Facts: Petitioner Ernesto Mercado and Private respondent Eduardo Manzano are candidates for the position of Vice-Mayor of Makati City in the May, 1998 elections. Private respondent was the winner of the said election but the proclamation was suspended due to the petition of Ernesto Mamaril regarding the citizenship of private respondent. Mamaril alleged that the private respondent is not a citizen of the Philippines but of the United States. COMELEC granted the petition and disqualified the private respondent for being a dual citizen, pursuant to the Local Government code that provides that persons who possess dual citizenship are disqualified from running any public position. Private respondent filed a motion for reconsideration which remained pending until after election. Petitioner sought to intervene in the case for disqualification. COMELEC reversed the decision and declared private respondent qualified to run for the position. Pursuant to the ruling of the COMELEC, the board of canvassers proclaimed private respondent as vice mayor. This petition sought the reversal of the resolution of the COMELEC and to declare the private respondent disqualified to hold the office of the vice mayor of Makati.

Issue: Whether or Not private respondent is qualified to hold office as Vice-Mayor.

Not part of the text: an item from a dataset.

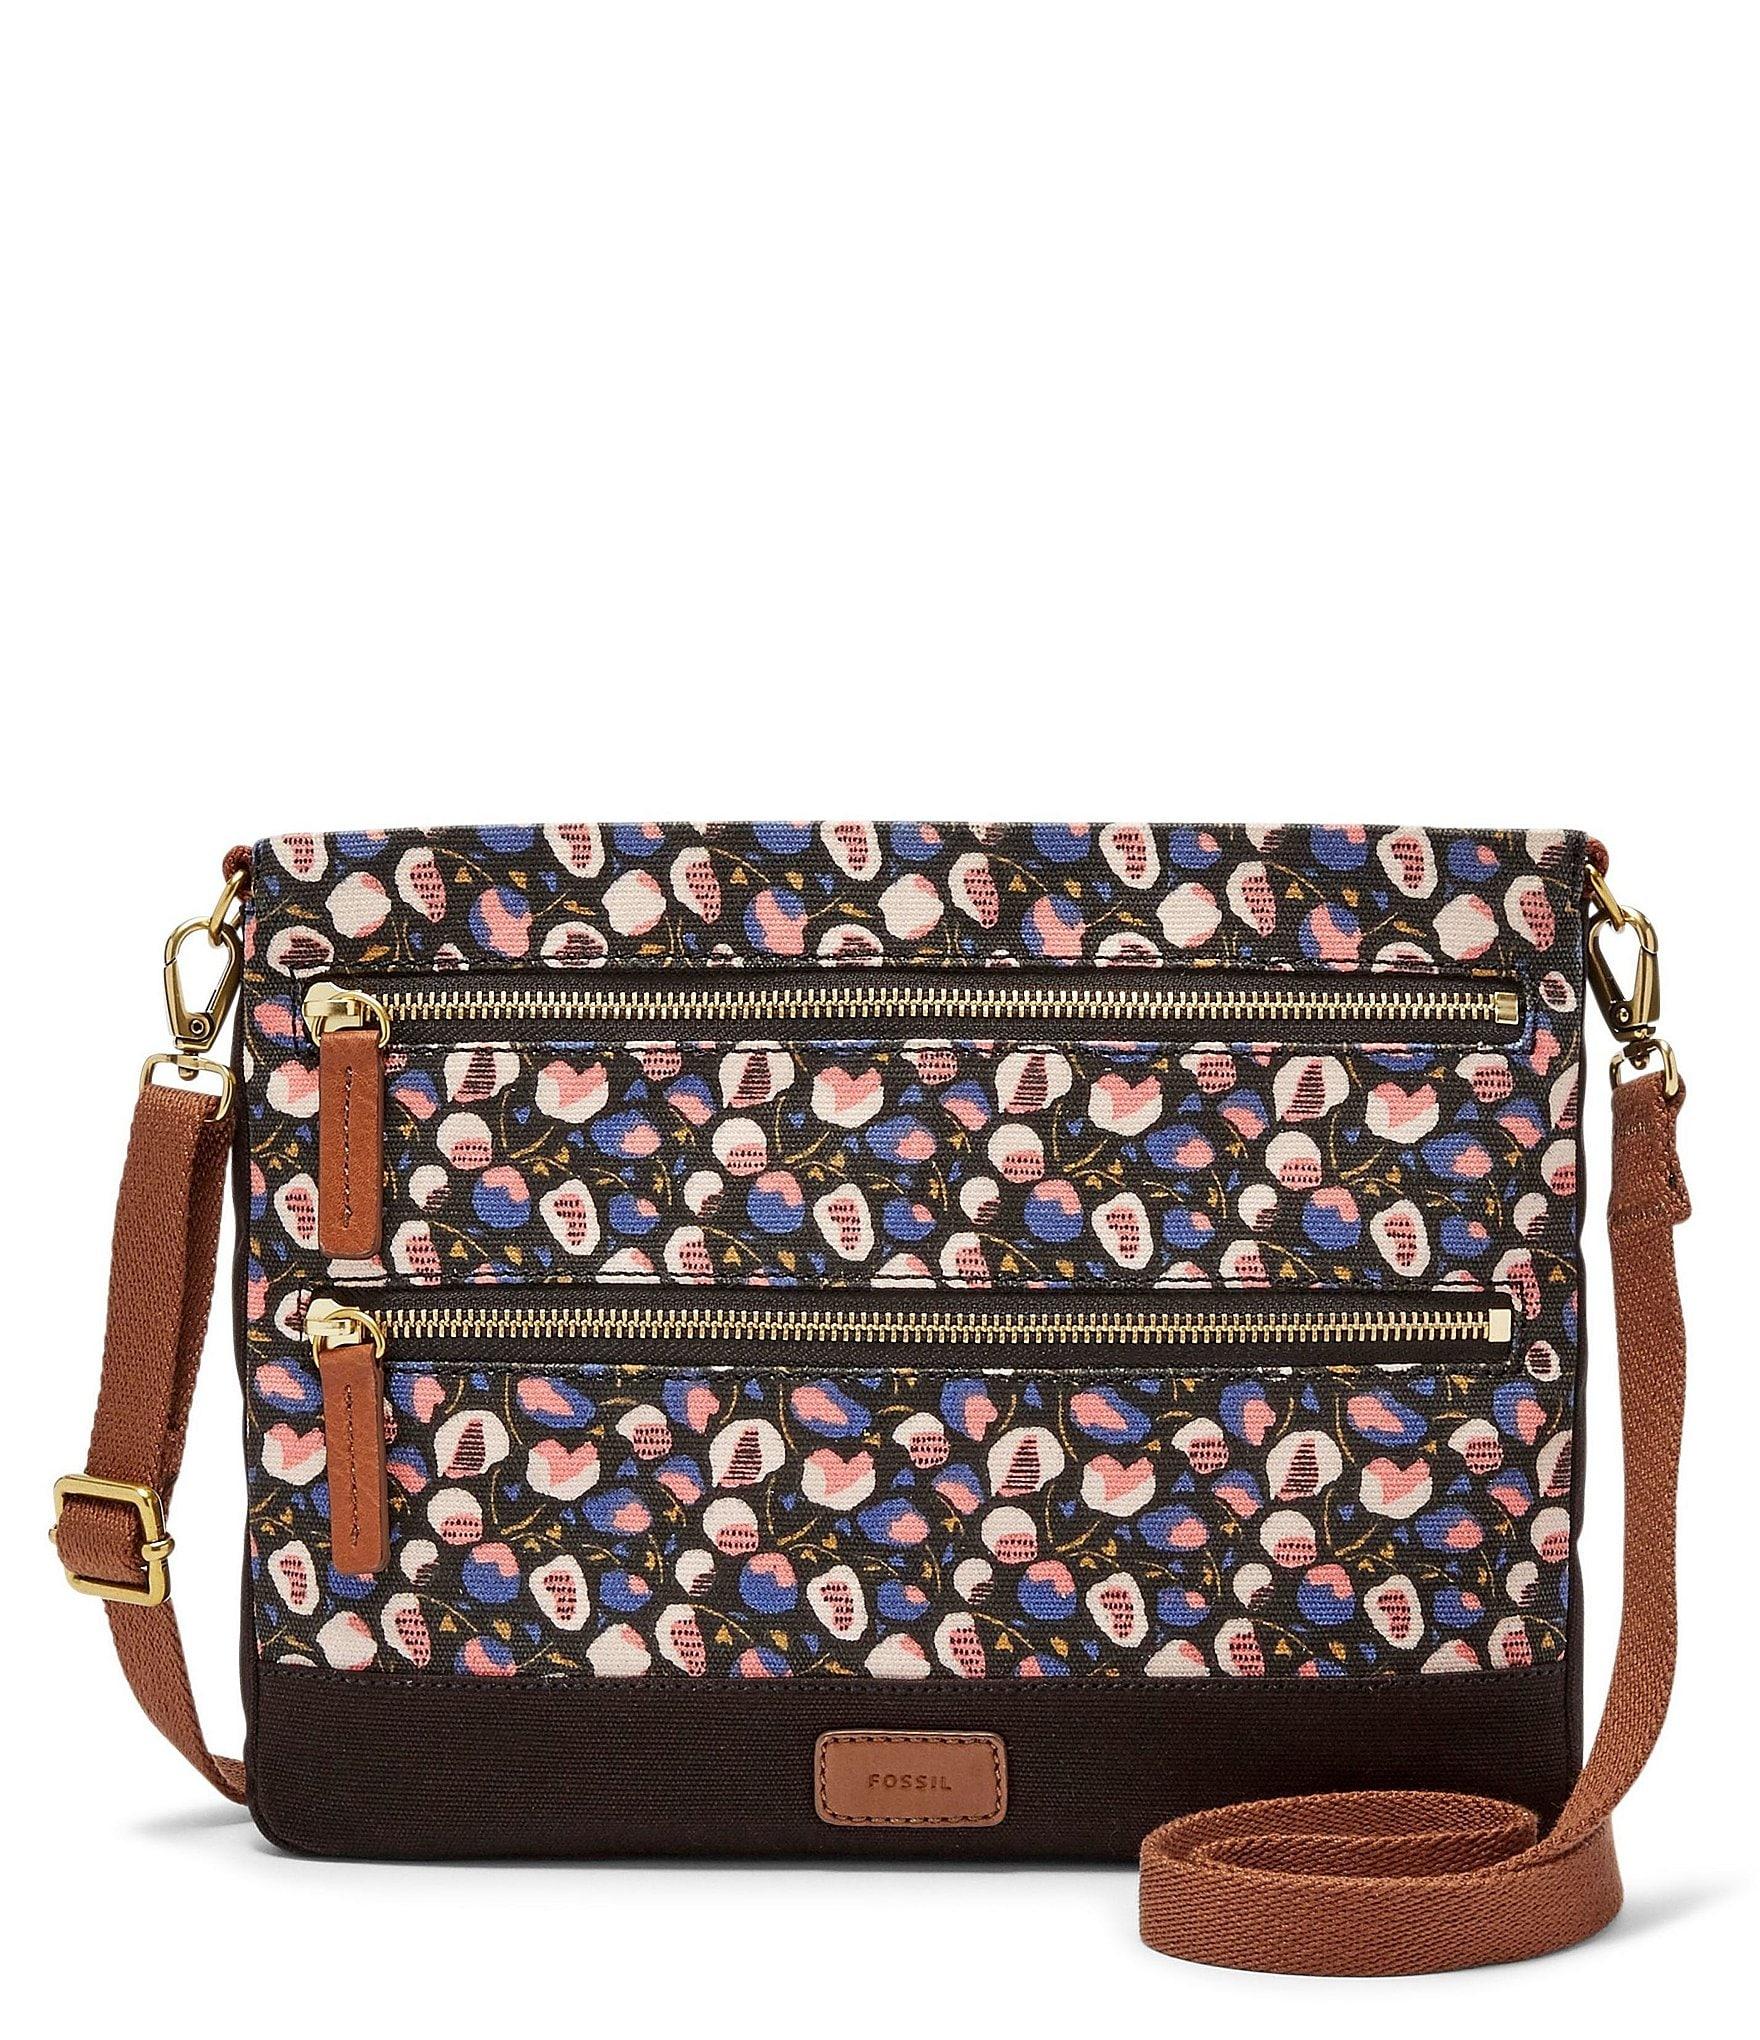 Fossil Passport Floral Cross-Body Bag | Dillards

Held: Dual citizenship is different from dual allegiance. The former arises when, as a result of the concurrent application of the different laws of two or more states, a person is simultaneously considered a national by the said states. For instance, such a situation may arise when a person whose parents are citizens of a state which adheres to the principle of jus sanguinis is born in a state which follows the doctrine of jus soli. Private respondent is considered as a dual citizen because he is born of Filipino parents but was born in San Francisco, USA. Such a person, ipso facto and without any voluntary act on his part, is concurrently considered a citizen of both states. Considering the citizenship clause (Art. IV) of our Constitution, it is possible for the following classes of citizens of the Philippines to posses dual citizenship: (1) Those born of Filipino fathers and/or mothers in foreign countries which follow the principle of jus soli; (2) Those born in the Philippines of Filipino mothers and alien fathers if by the laws of their fathers country such children are citizens of that country; (3) Those who marry aliens if by the laws of the latters country the former are considered citizens, unless by their act or omission they are deemed to have renounced Philippine citizenship. Dual allegiance, on the other hand, refers to the situation in which a person

simultaneously owes, by some positive act, loyalty to two or more states. While dual citizenship is involuntary, dual allegiance is the result of an individuals volition. By filing a certificate of candidacy when he ran for his present post, private respondent elected Philippine citizenship and in effect renounced his American citizenship. The filing of such certificate of candidacy sufficed to renounce his American citizenship, effectively removing any disqualification he might have as a dual citizen. By declaring in his certificate of candidacy that he is a Filipino citizen; that he is not a permanent resident or immigrant of another country; that he will defend and support the Constitution of the Philippines and bear true faith and allegiance thereto and that he does so without mental reservation, private respondent has, as far as the laws of this country are concerned, effectively repudiated his American citizenship and anything which he may have said before as a dual citizen. On the other hand, private respondents oath of allegiance to the Philippine, when considered with the fact that he has spent his youth and adulthood, received his education, practiced his profession as an artist, and taken part in past elections in this country, leaves no doubt of his election of Philippine citizenship.